Defense of the welfare state and criticism of the European Union are at the core of far-right nationalist parties' agendas. These parties believe that the process of European integration should be frozen, or even reversed, to protect social benefits and create jobs. Parties such as France's National Front and the Dutch Party of Freedom believe that leaving the euro is essential for their countries' economic recovery and that massive immigration is damaging national economies.

There are significant ideological differences within the nationalist right. The National Front defends the need to apply protectionist measures -- in line with France's economic tradition -- while the Party of Freedom defends the Netherlands' historical role as a trading nation and therefore supports free trade within Europe. However, they share the belief that their nations have given up too much sovereignty to unelected officials in Brussels. These parties are attracting voters in areas that have been affected by the crisis and who are worried about immigration and crime. They are also becoming attractive to people who think that growing immigration is eroding national identity and values.

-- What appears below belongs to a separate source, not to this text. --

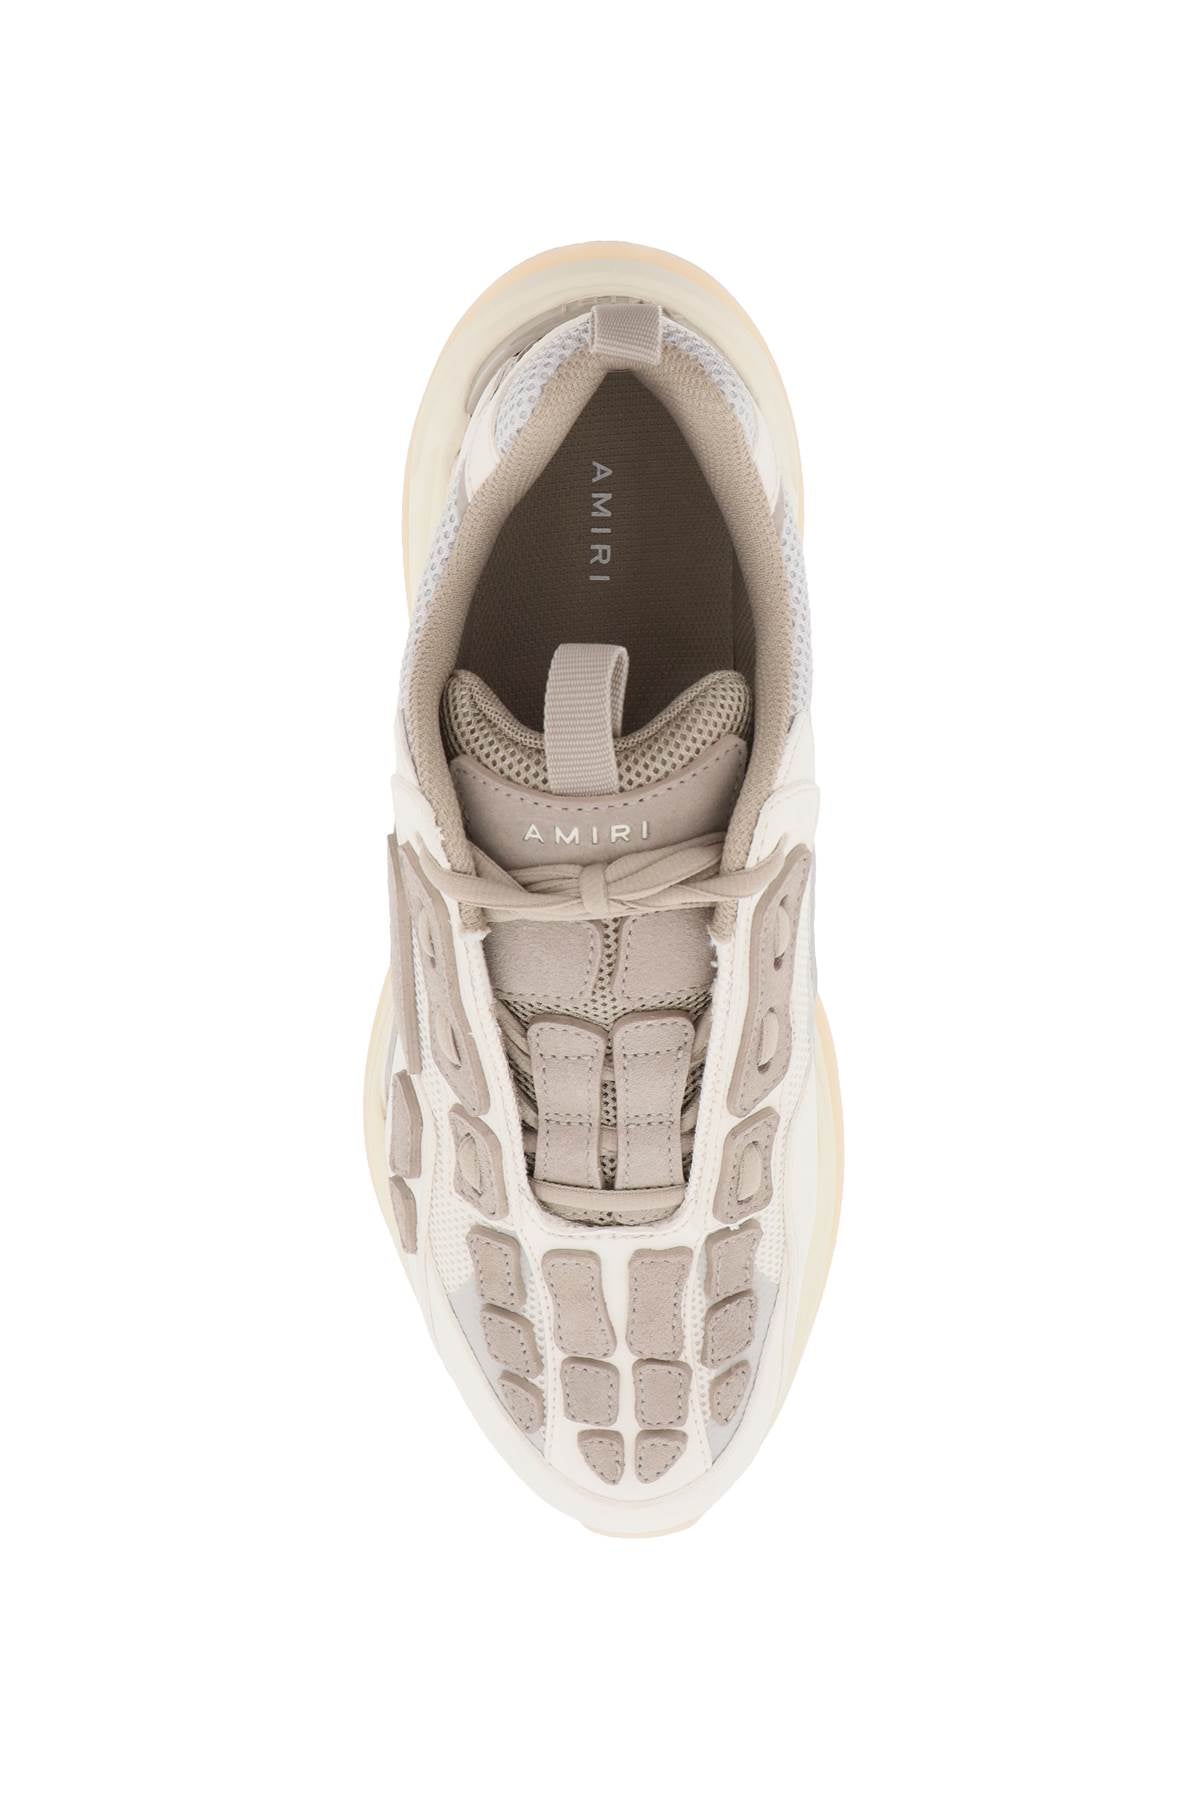 AMIRI White Chunky Sole Sneakers for Men with Contrasting Leather Inserts

Nationalist parties on the right also capitalize on their strong criticism of the political and economic establishment. Some of their popular support comes not from voters who reject the European Union, but from people who are disenchanted with the traditional elites. These voters often see politicians in national capitals and Brussels -- as well as bankers and international corporations -- as responsible for the current crisis. Because nationalist parties have rarely been in power, people perceive them as attractive alternatives to the establishment. Right-wing nationalist parties have replaced Communist parties as the main protest parties, especially in northern Europe.
The Center-Left's Struggle

Europe's center-left parties are facing a key dilemma: whether to campaign for a reform of the European Union from within, or to adopt more firm anti-EU rhetoric that defends stronger nation-states. The first option involves pushing for slow reforms whose benefits would only be perceived in the long term. The second option involves more drastic measures such as leaving the euro and regaining national sovereignty.

As the economic crisis lingers and popular support for the European Union declines in some countries, center-left parties eventually will feel more confident in adopting a more aggressive stance on the bloc. But their rivals in the center-right, the nationalist right and, to a certain extent, the far left are already doing it, which means these parties are increasingly dominating the anti-EU agenda and the center-left has lost ground.

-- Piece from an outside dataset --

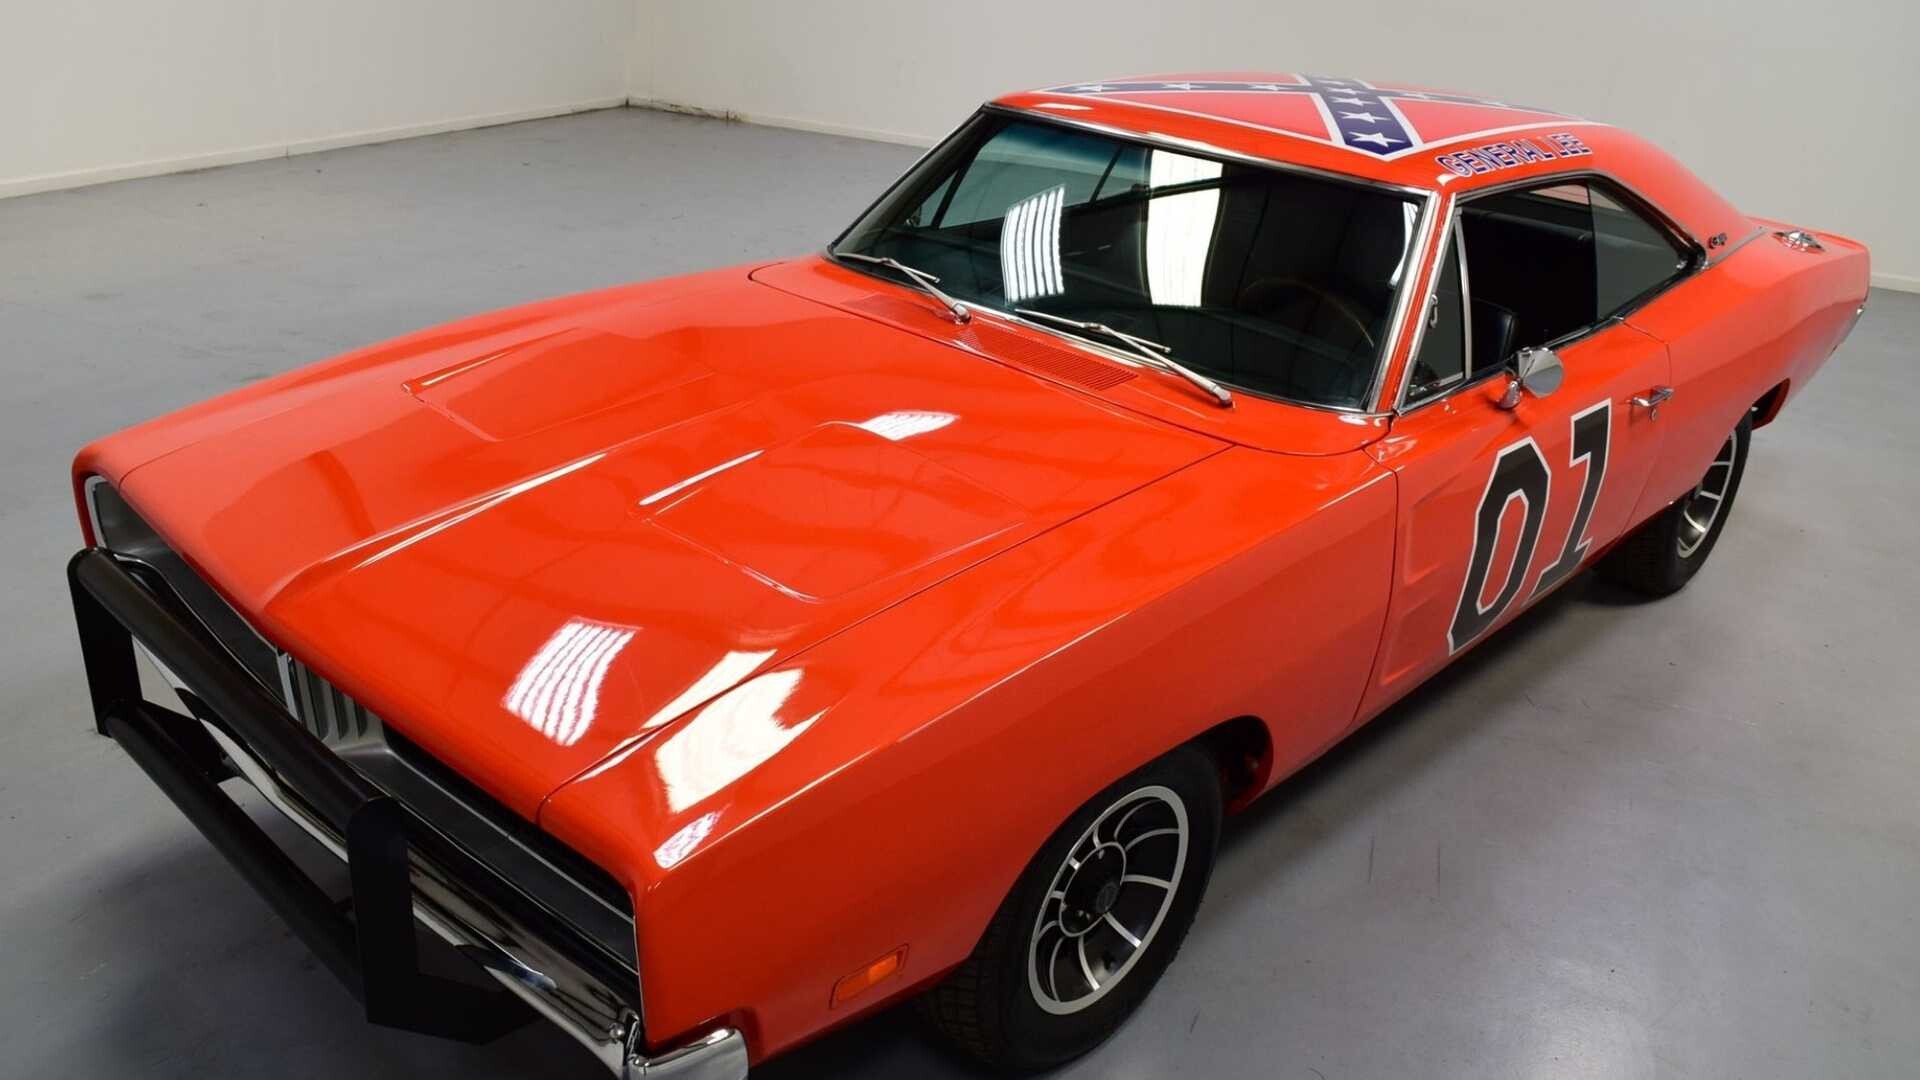 General Lee Car: One of the most covered incarnations of the Mopar icon, The classic Dodge Charger is the 1969 model. 1920x1080 Full HD Wallpaper.

More important, right-wing nationalist parties are ceasing to be on the fringes of domestic politics because people are supporting them more openly. With the European crisis, support for parties such as the National Front is no longer taboo, and criticism of immigration has become a legitimate issue in parties' political agendas. As conservative and nationalist parties in Europe become more comfortable with demanding the devolution of sovereignty from Brussels than their progressive adversaries, in coming years the main challenges for the survival of the European Union will come from the center-right and the far right.

After World War II, nationalism broadly was seen as a dangerous ideology, and most political parties considered European integration its antidote. With the economic crisis, voters and parties are rediscovering nationalism and becoming more vocal in their support for the devolution of national sovereignty from Brussels. In some cases, populist parties are taking advantage of this situation and channeling popular discontent against the European Union and immigrants.

This does not mean that European nations will return to fascism anytime soon. But the voices rejecting the main features of the European Union -- such as the euro, or the free movement of people and goods -- likely will grow louder in the coming years, challenging the survival of the continental bloc in its current form.